Carroll McCormick explains how airports and mobile phone apps developers are joining forces.
Probably even before airports began puzzling over the usefulness of airport apps – applications that can be downloaded to iPhones and other devices for travellers to find what they need at airports – airport apps developers were hard at work.
Working mostly without the help of the airport, they searched their websites and other sources and assembled databases of terminal maps, stores and concessions on hundreds of airports.

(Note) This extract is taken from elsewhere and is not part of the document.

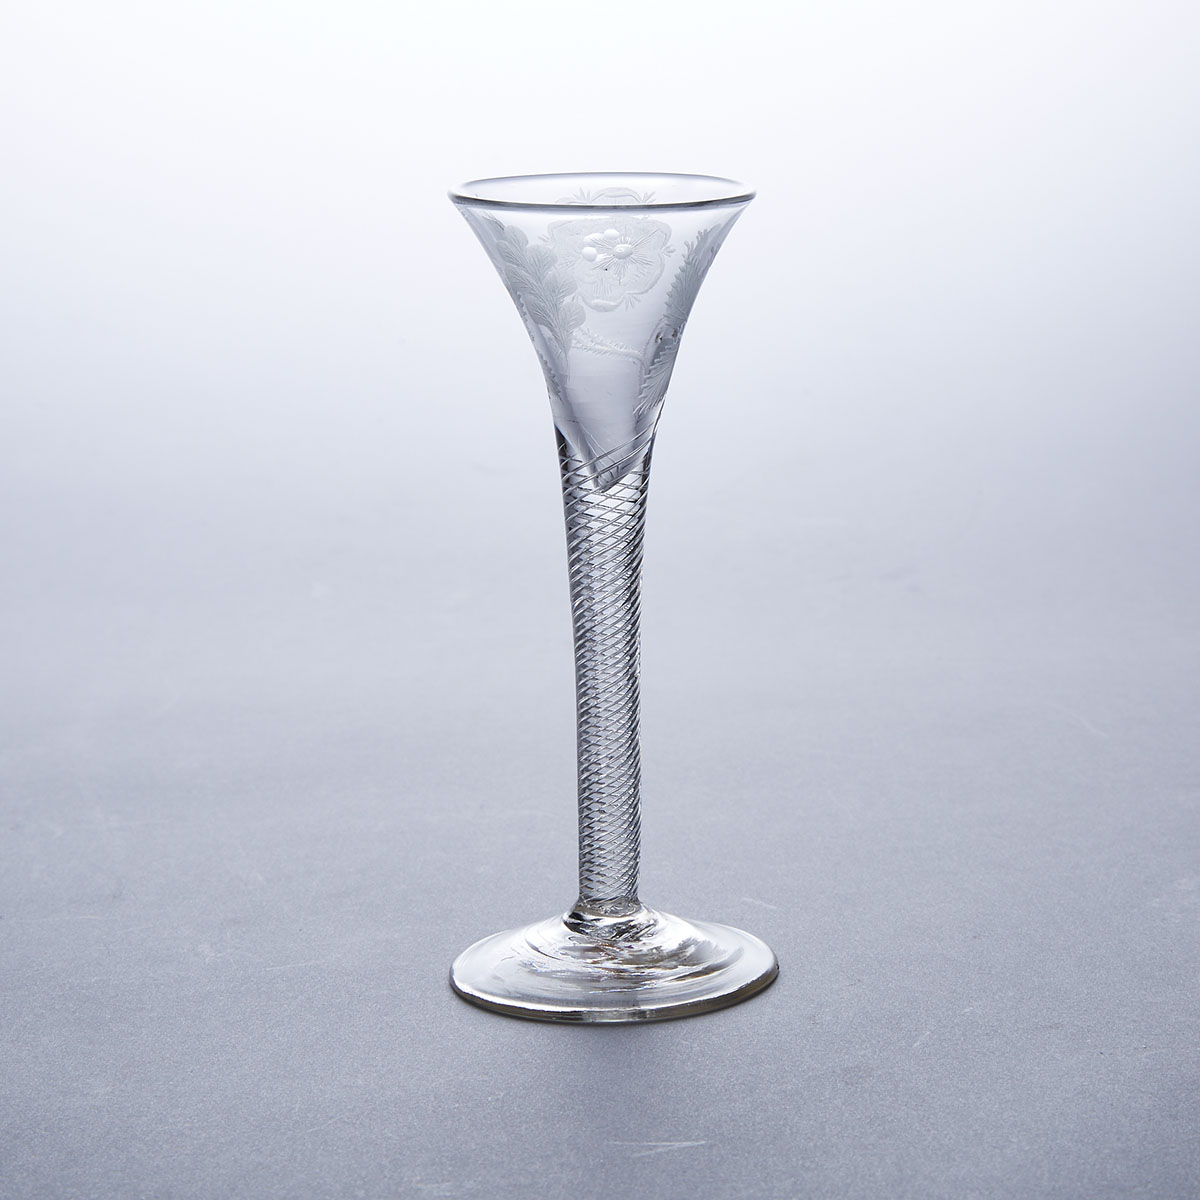 Jacobite Engraved Airtwist Stemmed Small Wine Glass, c.1750

Through the Apple Store (Apple sells the iPhone) they have been selling their apps for a few ‘dollars’ – or giving them away with the expectation of some future revenue possibilities.
Some casual polling by API suggests that many airports have been caught flatfooted as entrepreneurs map out their airports for their passengers. Some staff members that I contacted were unable to name any airport apps, were unaware that they were already featured in their databases and were struggling to understand the technical jargon and the possible value to them.
Recently, however, a few airport apps and flight information apps suppliers have made efforts to reach out to airports and discuss how they might collaborate to make better apps and more money. It may also be that the arrival on the apps scene of a heavy hitter – in the form of a partnership between the United States-based aviation consulting firm, SH&E, and SapientNitro, a marketing agency within the global marketing and technology company, Sapient – has spiked vendors’ competitive juices.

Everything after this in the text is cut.